The tide was sliding away and the beach showed a damp ribbon of sand. He stood where it was dry and could see miles along the coast line . . . as he had that day. It was where the border had run from alongside the Dassower See, and its shore, then cut across the peninsula at its narrow point, leaving Priwall in the west, Rosenhagen and Potenitz in the east. It had come down from the sand dunes, now a nature reserve:
Naturschutzgebiet – Betreten verboten
. Then, the wire, the minefields and barricades had crossed the beach and gone far out into the waters of the Lübeckerbucht. It had been an early-summer day, with a brisk wind but clean sunshine.

The pastor had brought him.

The Lutheran priest had worn jeans, an open-necked checked shirt and heavy sandals, while the youthful Len Gibbons had dressed in grey slacks, lightweight brogues and a sports jacket of quiet herringbone. It had been the pastor’s invitation.
He wants to see you once more, see the man he works for whom he trusts. His friend’s cousin is a border guard and it is arranged, but you must give no signal, and you will see him only very briefly, but it will be, for him, as if you touched hands
. They had walked on the beach and had gone towards the fence, where it dropped down into the dirty Baltic water. A watchtower overlooked that section, and a patrol boat was out in the Bight. It had been a naturist’s beach, and they had gone among the flapping bosoms and shrivelled members of elderly males and had seen the guards, behind the fence or up in the towers, clicking their cameras; there had been a joke about porn stocks in the guards’ camp being low. They were the only clothed people on their side of the wire.

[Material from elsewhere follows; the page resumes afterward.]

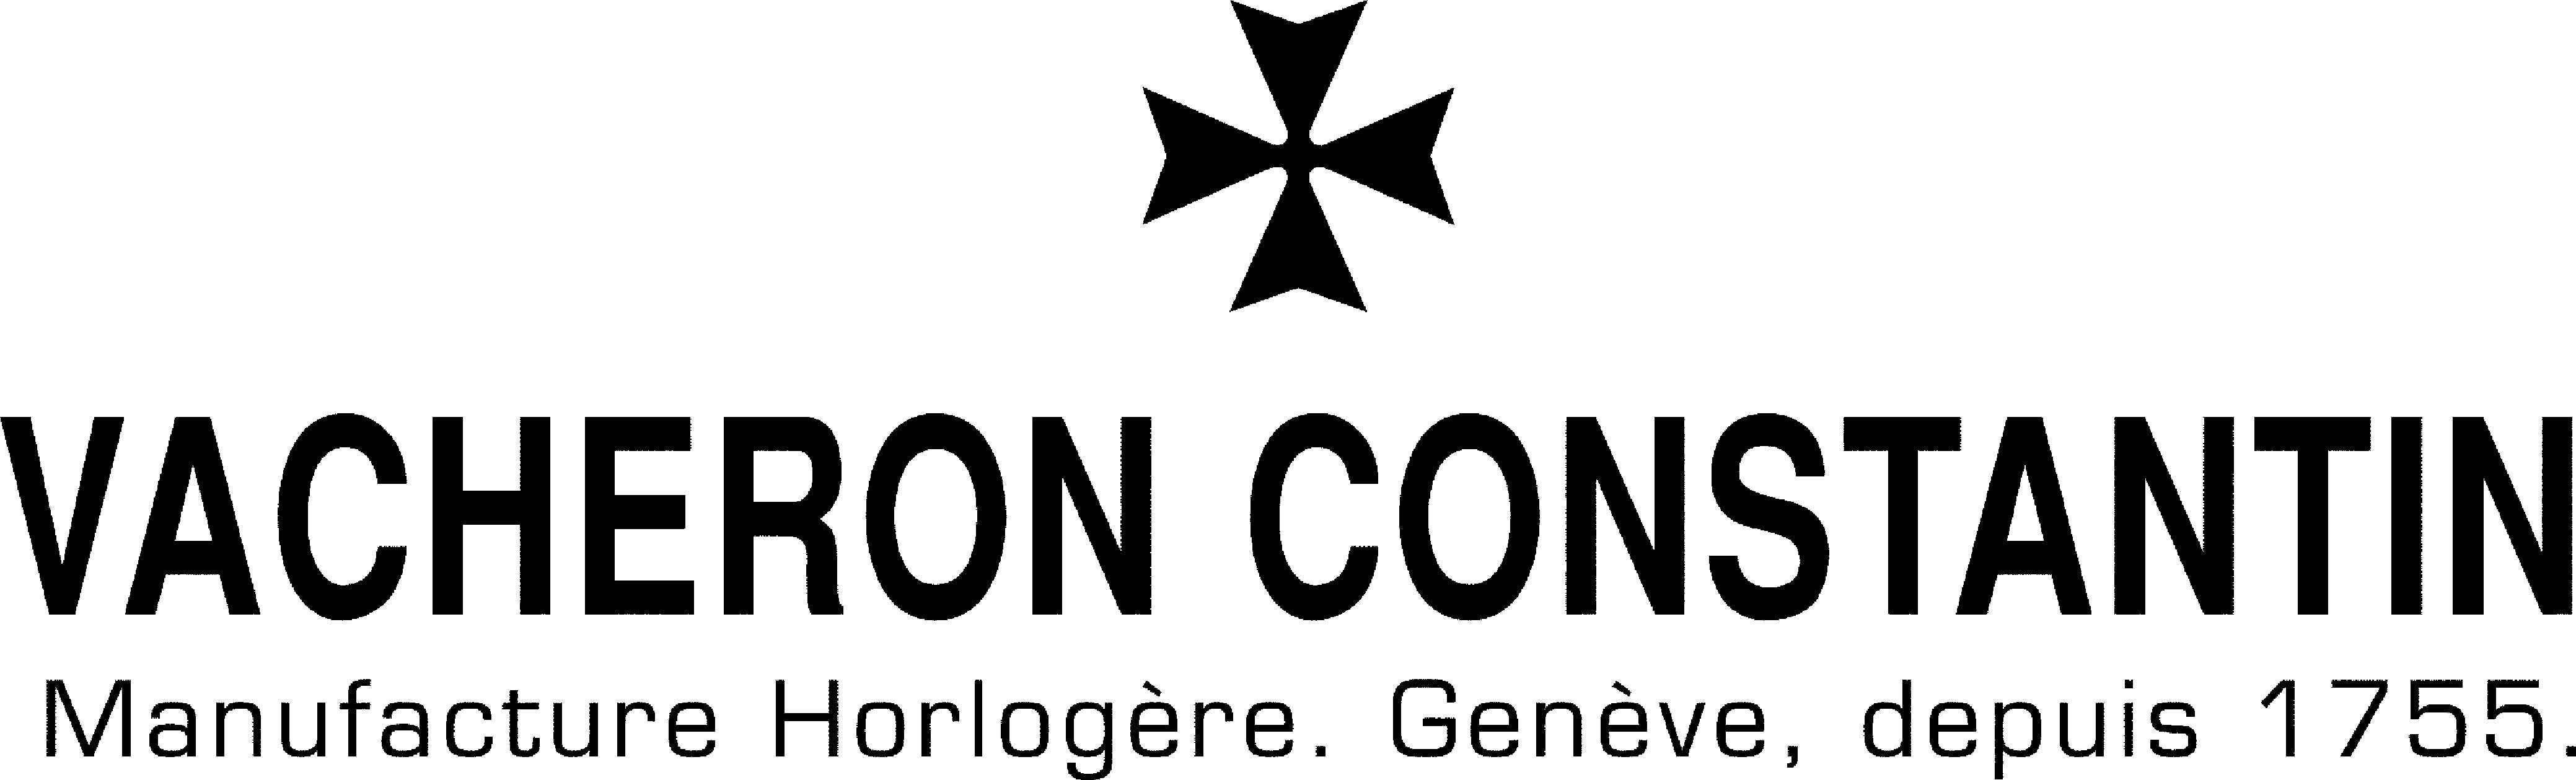 vacheron constantin-logo

On the far side, every man was uniformed and armed, big dogs had howled at them, and Gibbons had seen him. Maybe for a half-minute, and at a distance of some three hundred yards, a young, slight-built figure had come from the gorse behind the dunes and walked towards the sea with a guard. Antelope had stopped close to the waterline, and gazed towards the barriers, then turned away. Gibbons and the pastor had gone back through the naturists and the young SIS officer had felt bonded with his asset, more trusting.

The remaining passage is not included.